Federal Treasurer Joe Hockey handed down his second budget for the Abbott Government on Tuesday night at Parliament House in Canberra.
The deficit is predicted to shrink from $48 billion in 2014/15 to $35.1 billion next year, and is expected to be down to $7 billion in three years’ time.
The big winners were small business owners and parents with hefty childcare bills, while those on the paid parental leave scheme, people on working holidays and foreign aid lost out.
Jobs and small businesses
The Federal Government will be delivering $5.5 billion in its jobs and small businesses package to aid growth in the economy as well as employment. There is an immediate tax deduction for items valued up to $20,000 and businesses with an annual turnover of less than $2 million will get a tax cut from 30 per cent to 28.5 per cent.
Parents will get more than $10 billion a year from taxpayers to help them pay their childcare fees once new subsidies start. The federal government will spend an extra $3.2 billion on childcare subsidies over the next four years. This is on top of the $7 billion a year – and rising – existing price tag for subsidising fees.
Paid parental leave
With this lifeline for childcare, Mr Hockey also put an end to ‘double dipping’ for parents who benefit from the paid parental leave scheme to prevent them from receiving payments from both the government and their employer.

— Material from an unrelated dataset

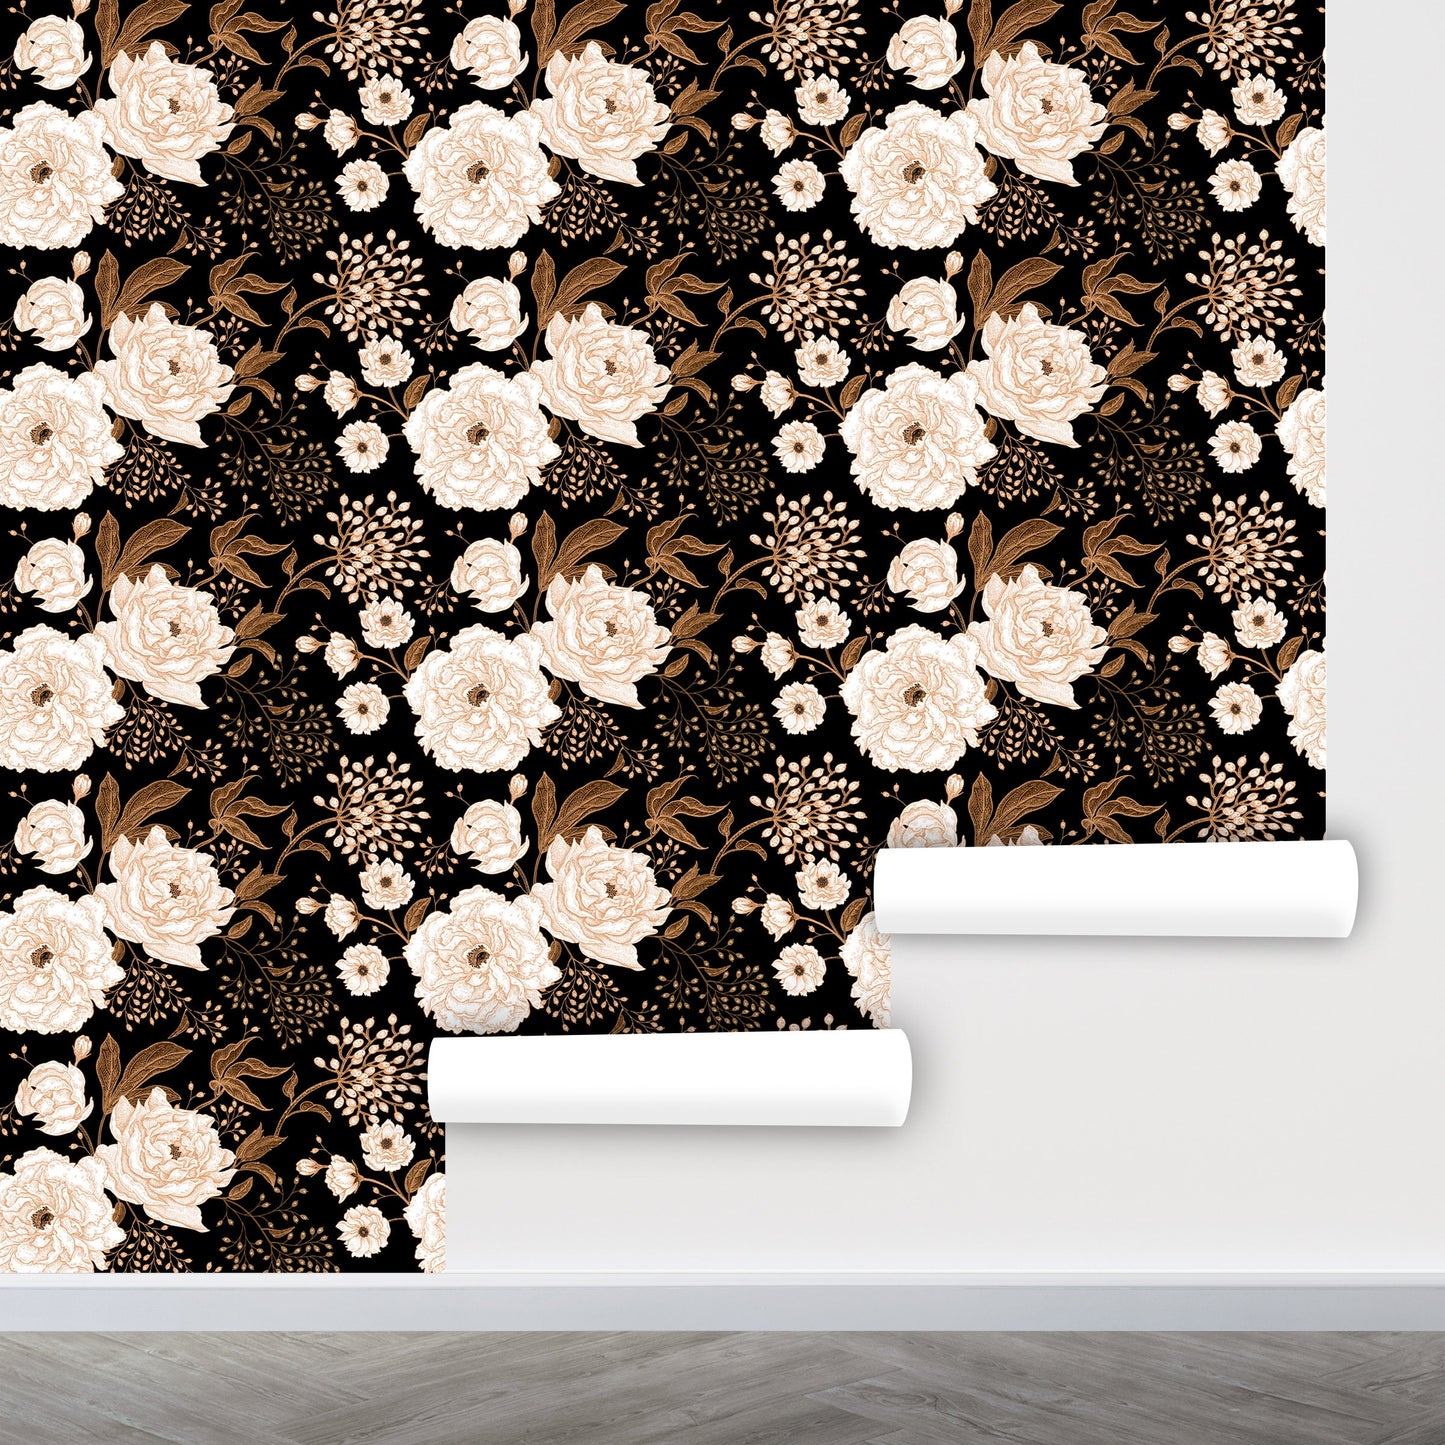 Dark Floral Wallpaper Peel and Stick, Black and White Wallpaper, Big Flower Wallpaper, Peony Wallpaper, Removable Wall Paper
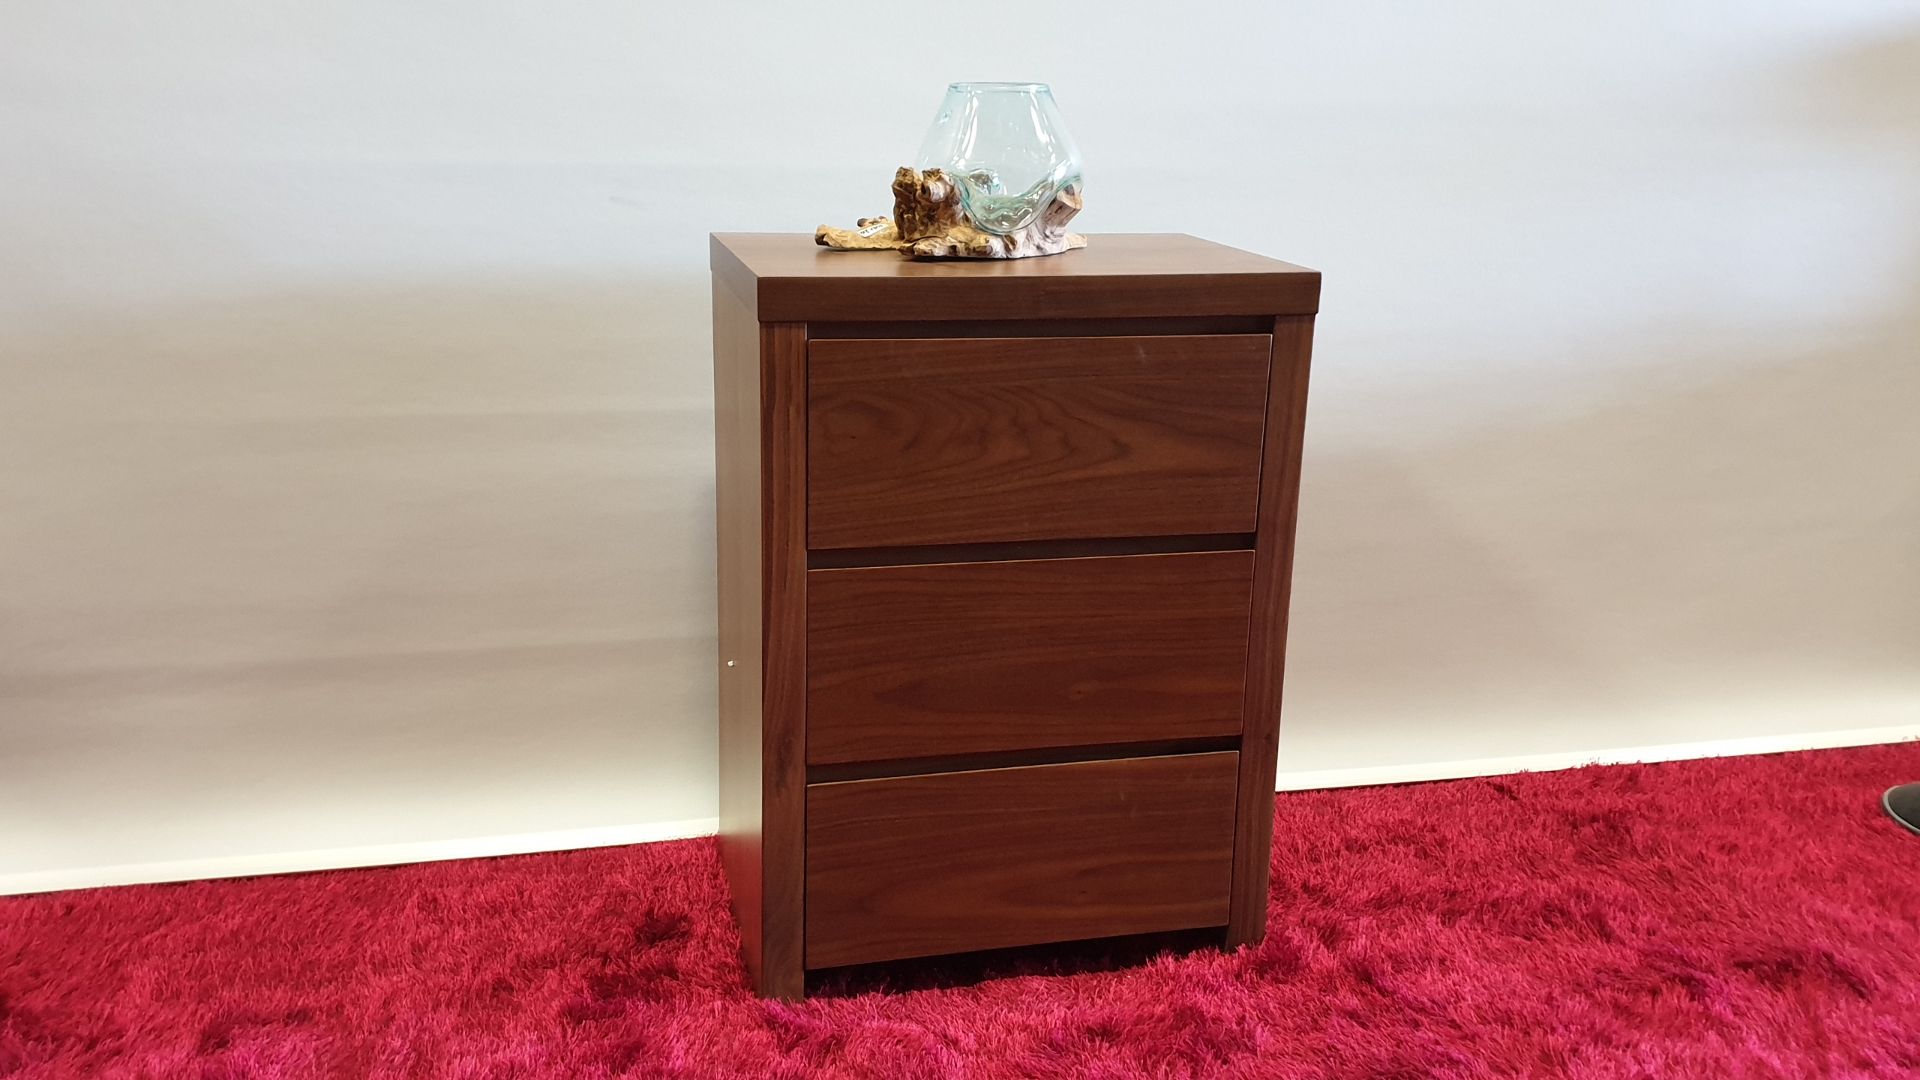 BRAND NEW WOODEN WALNUT COLOUR 3 DRAWER SOFT CLOSE CHEST OF DRAWERS 592 X 396 X 821MM RRP £329

In a bid to save $968 million over the next four years, from July 2016 the government will restrict access to the scheme.
In a bid to get back more than $1 billion, the government will be cracking down on welfare cheats. The Department of Human Services will get added powers to detect fraud and recover debt. The six-month wait for the unemployed to access the dole in last year’s budget has now been reduced to a month, while parents who do not vaccinate their children will not be eligible for benefits.
The growing threat from terrorism, home-grown extremism and war in the Middle East has prompted to the federal government to outlay $1.2 billion in new funding for national security. The new money comes on top of $1 billion outlined in the mid-year fiscal review, and is part of a total of $35 billion in the 2015-16 budget for defence, national security and law enforcement.
Foreign aid has been slashed by $1 billion to $4 billion in this year’s Budget. Indonesia has suffered a 40 per cent loss in aid from Australia, while Papua New Guinea saw a five per cent drop in its benefits and Nepal’s aid was slashed from $26.8 million to $33.9 million. Cambodia’s chunk of assistance has been safeguarded at $79 million, which includes part of a refugee resettlement deal.
A $1.6 billion funding boost for medicines on the Pharmaceutical Benefits Scheme has been delivered. The five-year increase will go towards will go towards giving 1,000 people subsidised access to expensive melanoma treatment, which cost up to $131,000.
From January 1, 2017, the asset-free area for pensioners will increase, which means 170,000 pensioners with moderate assets will receive a full or increased pension. This will come with an increase in the the asset test taper rate from $1.50 to $3. In other words, for every $1,000 of assets over the asset-free threshold, the pension rate will reduce by $3 a fortnight.
The controversial proposal of deregulating university fees was not revisited in this year’s Budget. But now the government plans on collecting from those who live overseas and owe tens of thousands of dollars in HECS or HELP debts. Currently, Australians living and working overseas – who could be working as high-flying investment bankers or financial brokers – do not have to repay their fees.
A further $70 million will be provided to drought-stricken farmers on top of a $333 million package announced last weekend. This money will deliver much-needed money back into the pockets of primary producers for depreciation of water facilities, fodder storage and fencing.